High energy costs are forcing manufacturers to warn of higher prices for their goods as they pass on increases to consumers. Analysts predict that household energy bills could rise by hundreds of pounds next year. The energy price cap – which protects domestic consumers – could soar by £400 in the spring. With wholesale gas and electricity prices continuing to reach new records, successive supplier exits during September 2021 and a new level for the default tariff cap, the energy market remains on edge for further consolidation, experts say. While the price cap helps households, there is no such safeguard for businesses, which have to absorb the full impact of rising global energy prices. Supermarket chain Iceland has said its energy bill will increase by £20 million next year to power its stores, and in turn, grocery prices will rise to accommodate this issue as well as the higher salaries to address the lorry driver shortages.

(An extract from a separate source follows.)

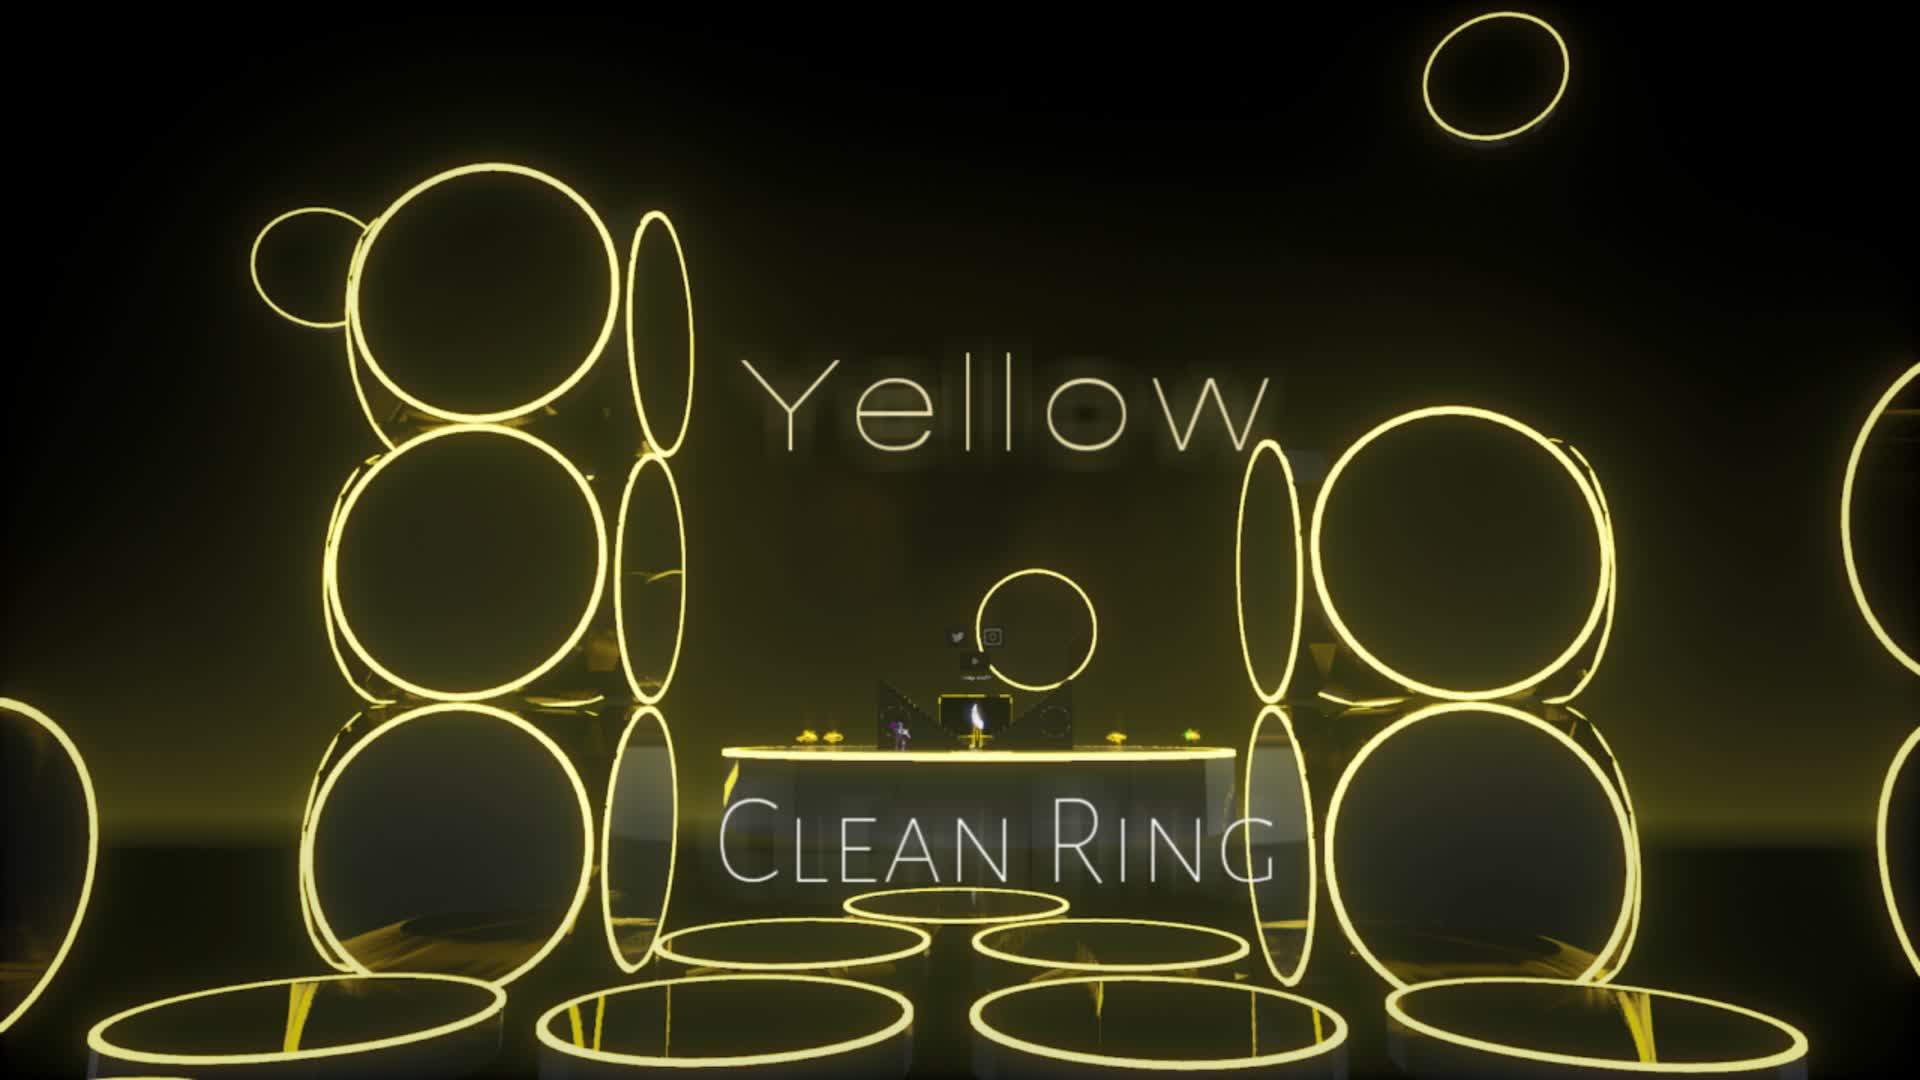 CLEAN RING 1V1 [YELLOW] •NO DELAY•

The advantage of venture capital trusts

A dividend tax rise was announced last month and is likely to increase demand for venture capital trusts (VCTs), experts say. VCTs can offer a 30% income tax relief on an allowance of up to £200,000 per year. The returns – which are paid through dividends – are also tax-free. This means VCTs could be a way to reduce taxes and be especially attractive for high earners who have used their allowances in areas like pensions and ISAs. The tax-free nature of VCTs is valuable and will be even more so once the new rate of dividend tax comes into effect next April. Experts believe the dividend tax increase could also see existing investors increase their allocations. This applies particularly to business owners who pay themselves with dividends and many other investors looking to generate income from their investments. Buy-to-let investments have become less attractive of late because of the squeeze on incomes, so those looking for an alternative are attracted to tax-efficient investments like VCTs. It’s important to bear in mind that VCTs are high-risk investments focused on early-stage, small and illiquid companies so they won’t suit everyone.